Wednesday, February 3, 2010

MRS. DOUBTFIRE: Blu-Ray (20th Century-Fox 1993) Fox Home Video

Chris Columbus’ Mrs. Doubtfire (1993) is a rather obvious gender-bending mishmash of every angst ridden cliché from the old androgynous closet. More often than not the screenplay by Randi Mayem Singer and Leslie Dixon goes for the twenty-second laugh rather than the more reserved chuckle, coming across as quaintly ridiculous rather than monumentally hilarious.

The film stars Robin Williams as voice over artist, Daniel Hillard; a father whose marriage has crumbled into ongoing confrontations with his advertising executive wife, Miranda (Sally Fields). After Miranda files for divorce and takes up with an old flame, Stuart Dunmeyer (Pierce Brosnon), Daniel doesn’t get to see his children, Lydia (Lisa Jakub), Christopher (Matthew Lawrence) and Natalie (Mara Wilson). In fact, thanks to Miranda's testimony, the court has concerns about Daniel being an unfit father.

Moving in with his gay brother, Frank (Harvey Fierstein) and his lover, Jonathan Lundy (Robert Prosky), Daniel soon realizes that Miranda will never let him look after their children - at least, not as himself. Enter Euphenegia Doubtfire (Williams, with a skirt), the pert, curt and feisty British matron who is determined to do right by his kids, even if he has to pitch a little latex and lip rouge on the side.

Miranda hires ‘Effie’ to prepare meals, keep house and act as a surrogate mother while she pursues her career and Stuart. At first, his kids resent this new interloper. Eventually, they come to regard her as an integral part of their lives – a genuine affection made all the more problematic by the fact that Daniel cannot tell them who he really is.

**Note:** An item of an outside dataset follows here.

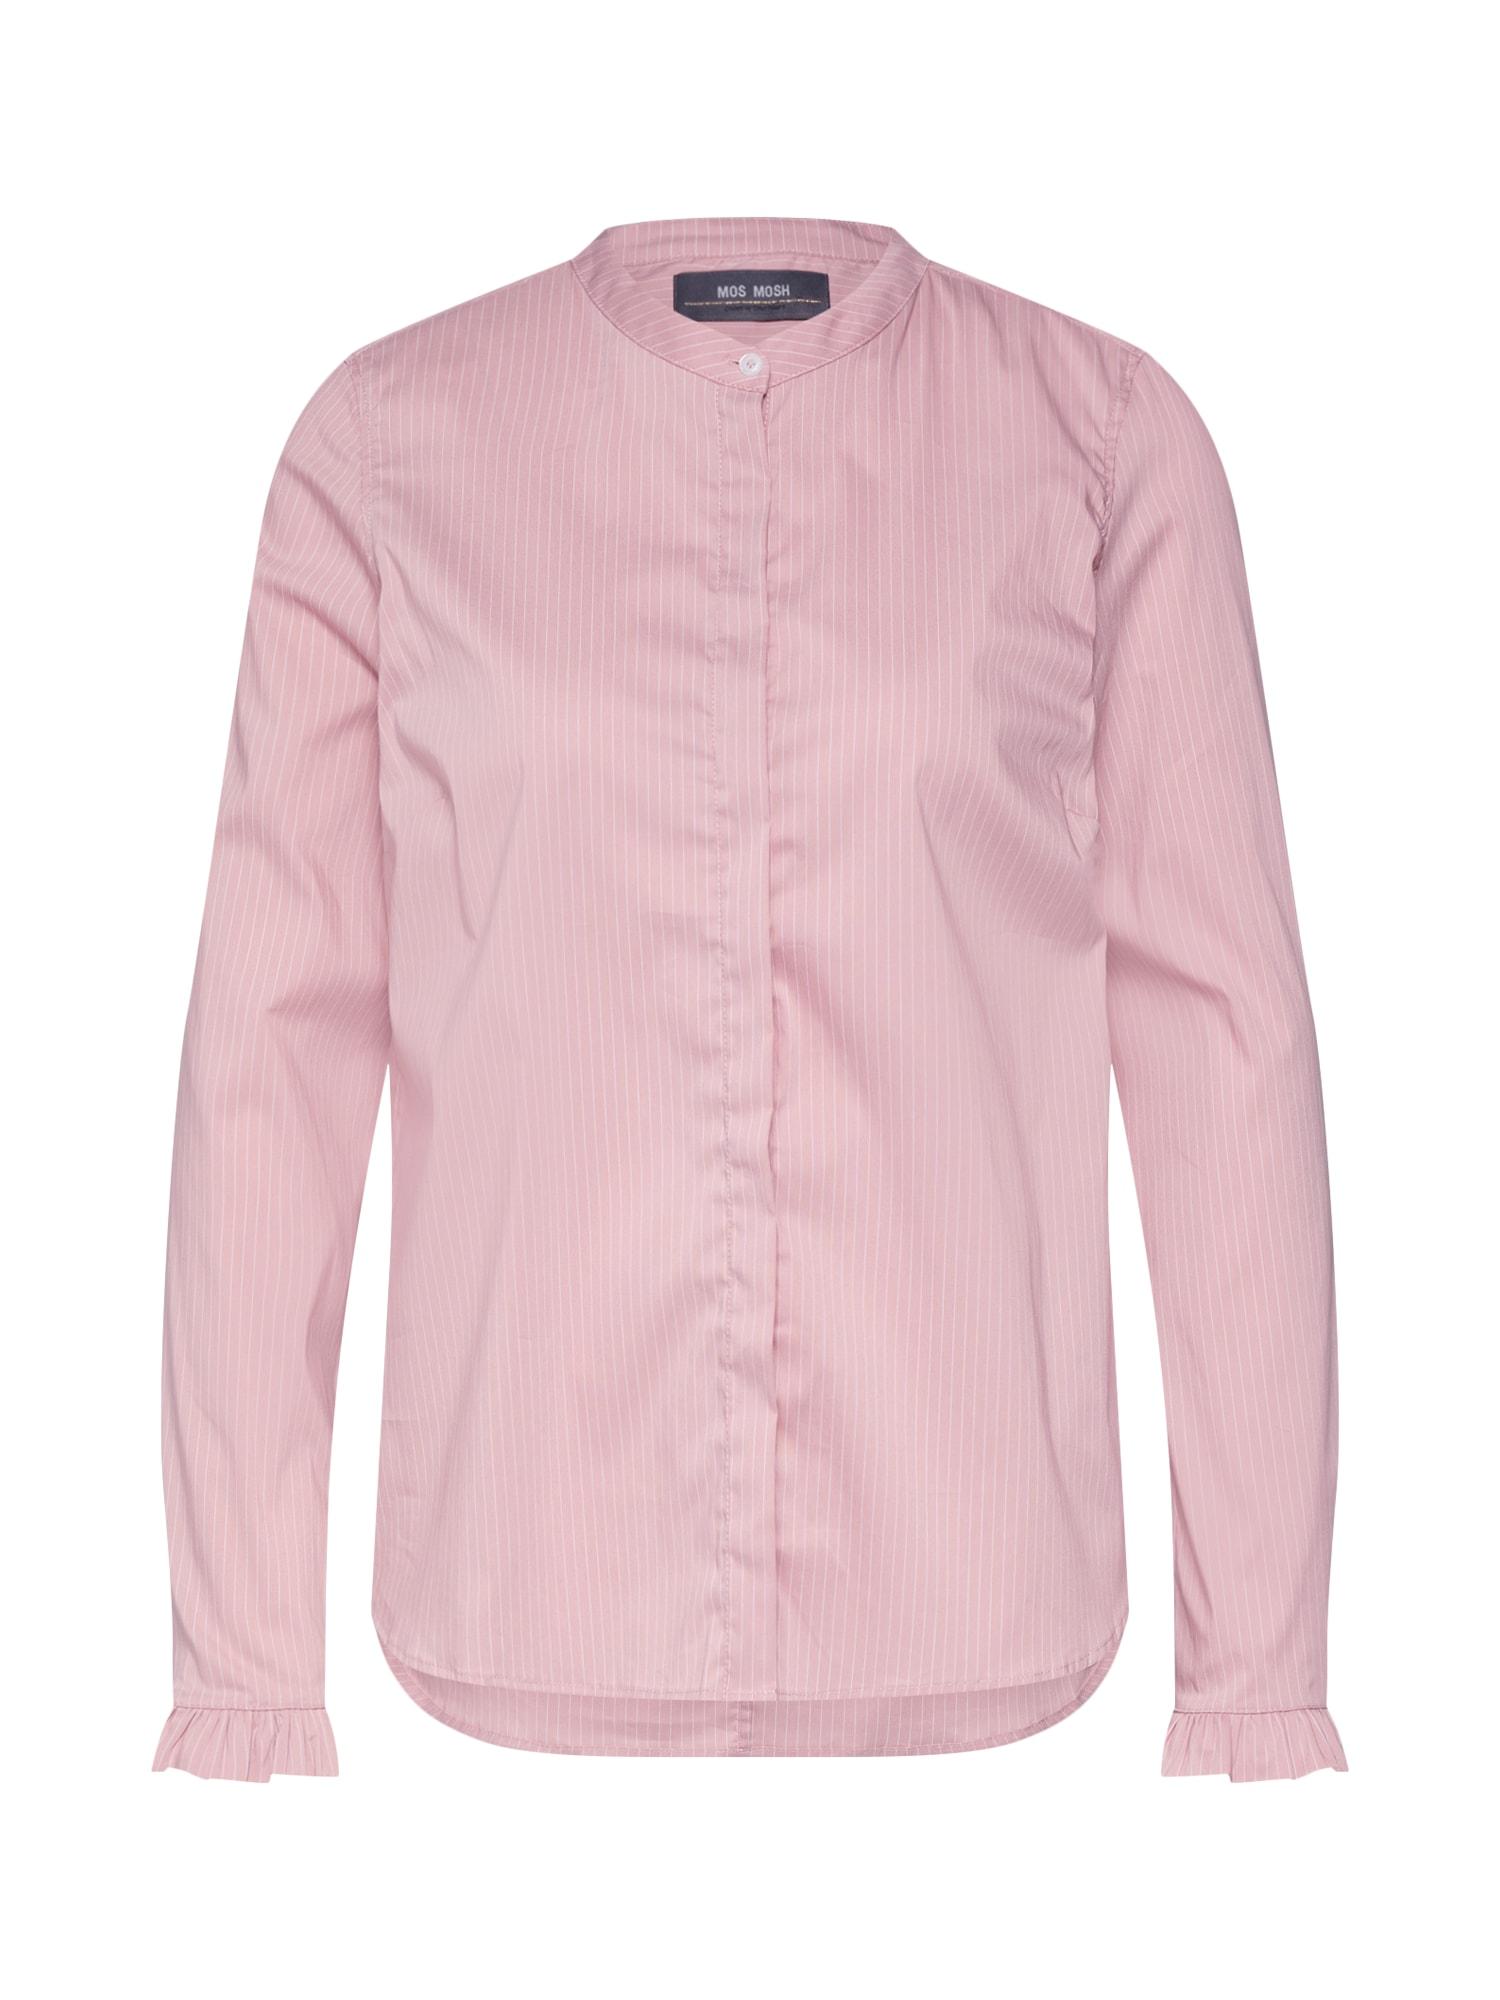 Halenka Mattie Fine Stripe Shirt růže MOS MOSH

After Christopher and Lydia figure out the rouse they all agree to keep it a secret from Miranda and Lydia, the latter having become quite attached to Mrs. Doubtfire as the doting grandmother she's never known. Unfortunately, when Stuart takes the family out to a posh restaurant for dinner, Mrs. Doubtfire decides to pepper his Cajun cuisine with curry; resulting in a food allergy that lodges a shrimp in Stuart's throat.

Performing the Heimlich to save Stuart's life, Daniel's make-up applications are exposed to Miranda. Utterly shocked and humiliated, she hauls Daniel back into court. This time the judge bans Daniel from seeing his children outright. But Miranda's heart has softened. She realizes that any man who would sacrifice his ego to such a charade really must love his children. The film ends with Miranda agreeing to allow Daniel to watch Christopher, Lydia and Natalie for the after school hours while she is at work.

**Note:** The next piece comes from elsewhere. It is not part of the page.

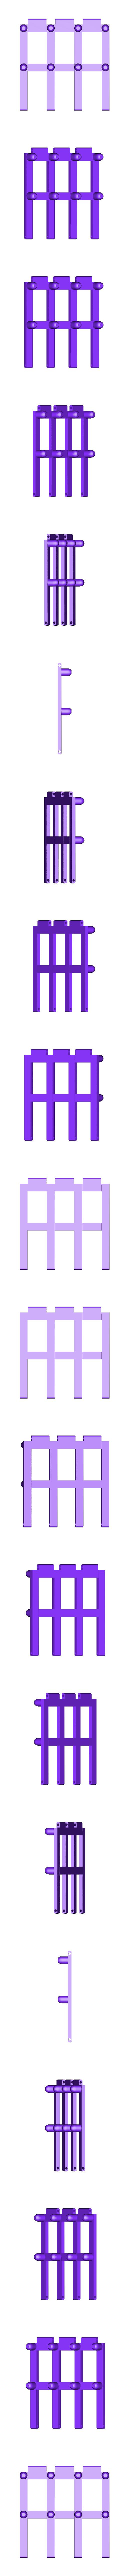 Romulan_belt_x9.stl Download free STL file Romulan Harness • 3D print template, poblocki1982

Mrs. Doubtfire is hardly perfect entertainment. When the script allows for Robin William's improvisation, the results are predictably hilarious. However, Columbus’ direction is swift and assured. But the Singer/Dixon screenplay tends to go nowhere fast. Instead of critique we get cliché; instead of recognition for the tribulations of being a woman we are subjected to tack on snickers and the suggestion that a man in drag is a better 'mother figure' than an any woman. William’s take on a proper English nanny veers grossly into the realms of extreme parody.

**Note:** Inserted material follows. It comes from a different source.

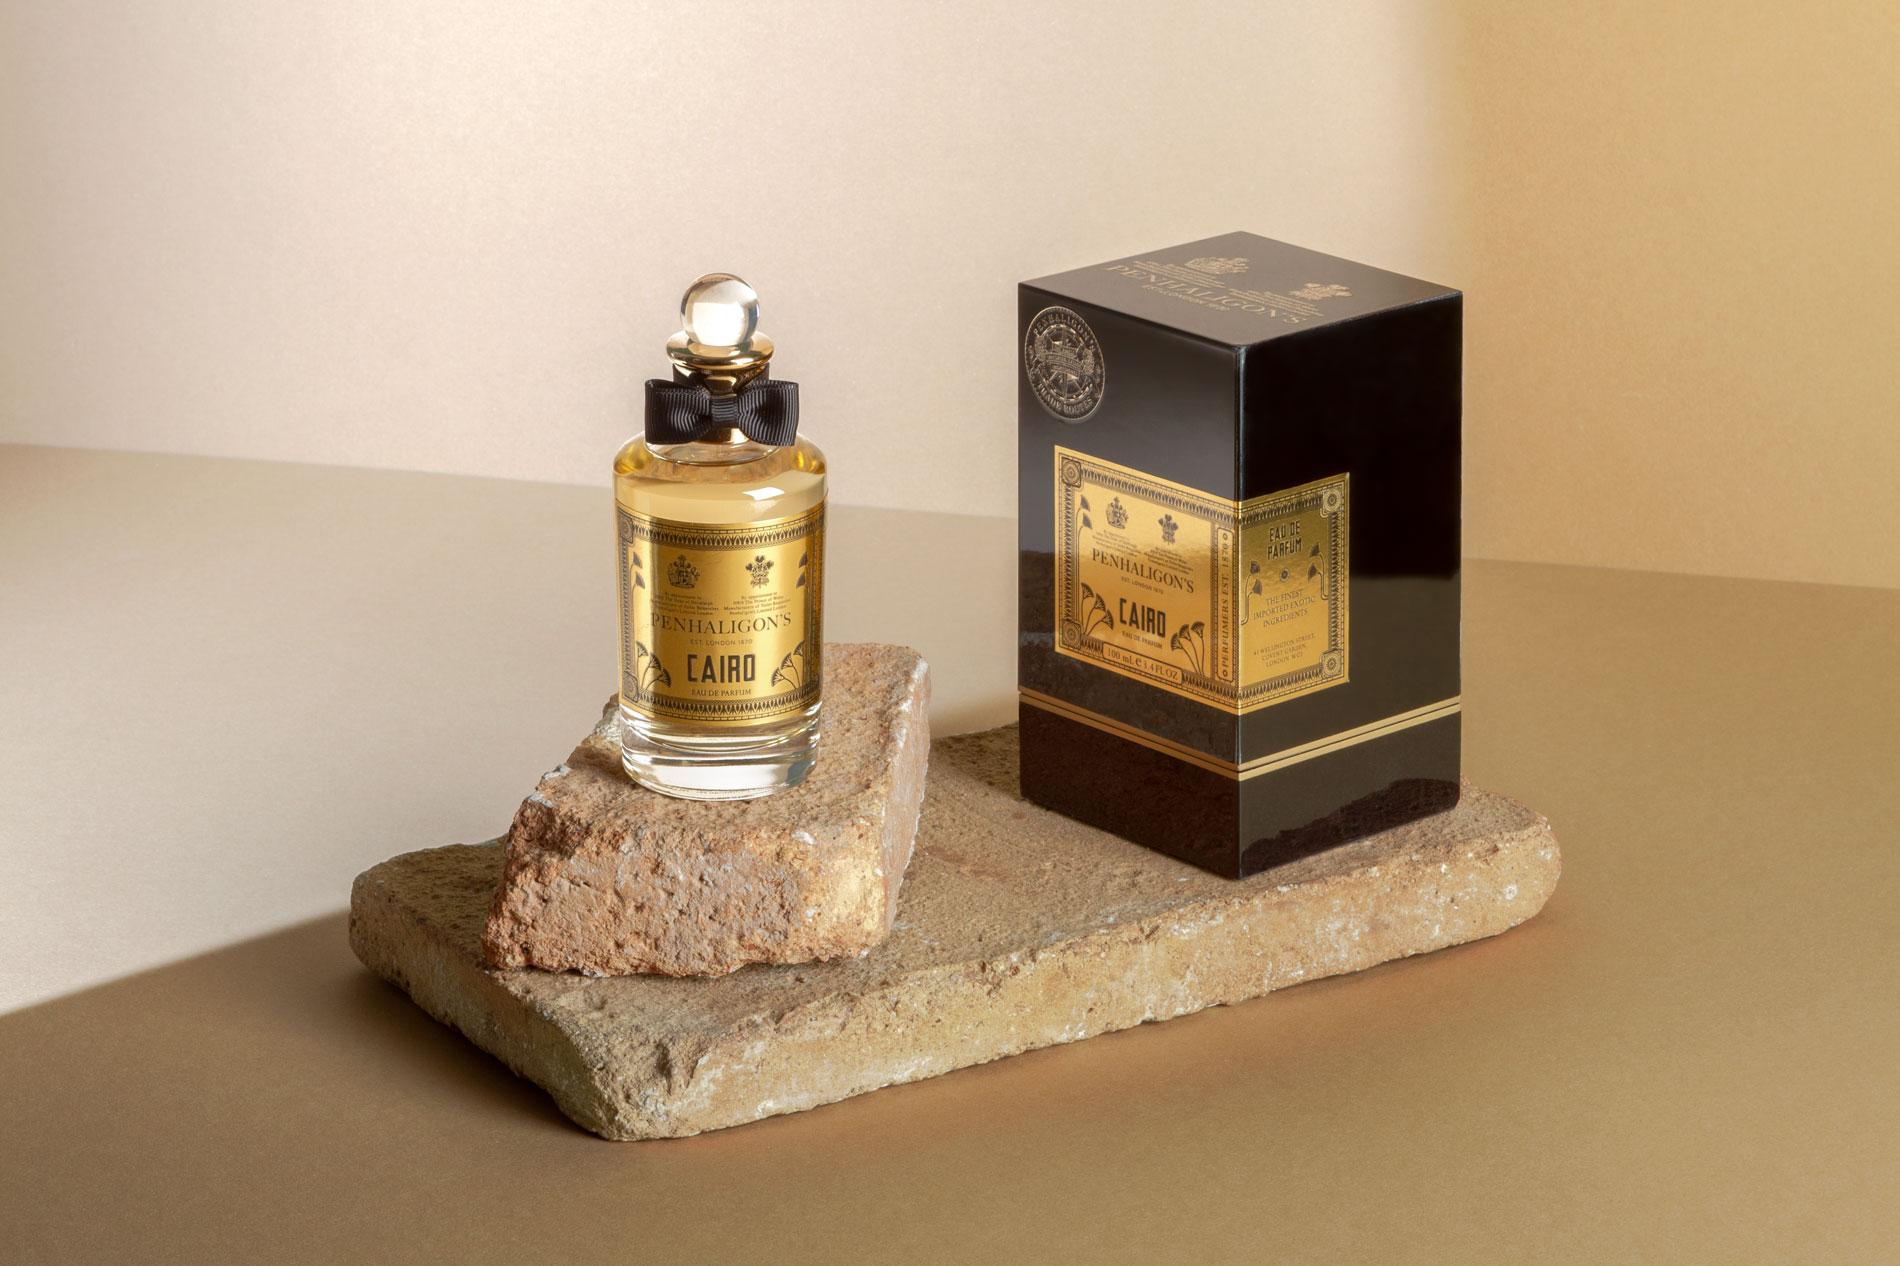 Penhaligon's Cairo packaging design

Unlike Dustin Hoffman’s characterization of a woman in Tootsie (1981), completely assimilated beneath the wig and makeup applications, as the audience we are never entirely convinced that Williams is not underneath his fat suit and curlers. William's essence is everywhere to remind us how painful the experience of wearing a girdle can be. Unfortunately for the film, most men have already figured that one out for themselves without the benefit of trying one on for size.

Fox Home Video’s Blu-Ray is a direct import of their ‘Behind the Seams’ standard DVD. This is an adequate, though not exceptional transfer. There’s nothing really off about the color spectrum. It just isn’t as vibrant as most Blu-Ray titles. Contrast is superbly rendered as are fine details. The audio is 5.1 Dolby Digital and appears to be the identical mix as on the previously issued DVD from Fox.

It should be pointed out that the extras available on this Blu-Ray are direct imports from the DVD release. Apart from deleted and extended scenes, the rest of the extras include on-camera interviews with stars and crew, a meeting with animator Chuck Jones, behind-the-scenes make up and pencil test footage, trailers, vintage promotional junkets and a ‘making of’ that is largely self congratulatory.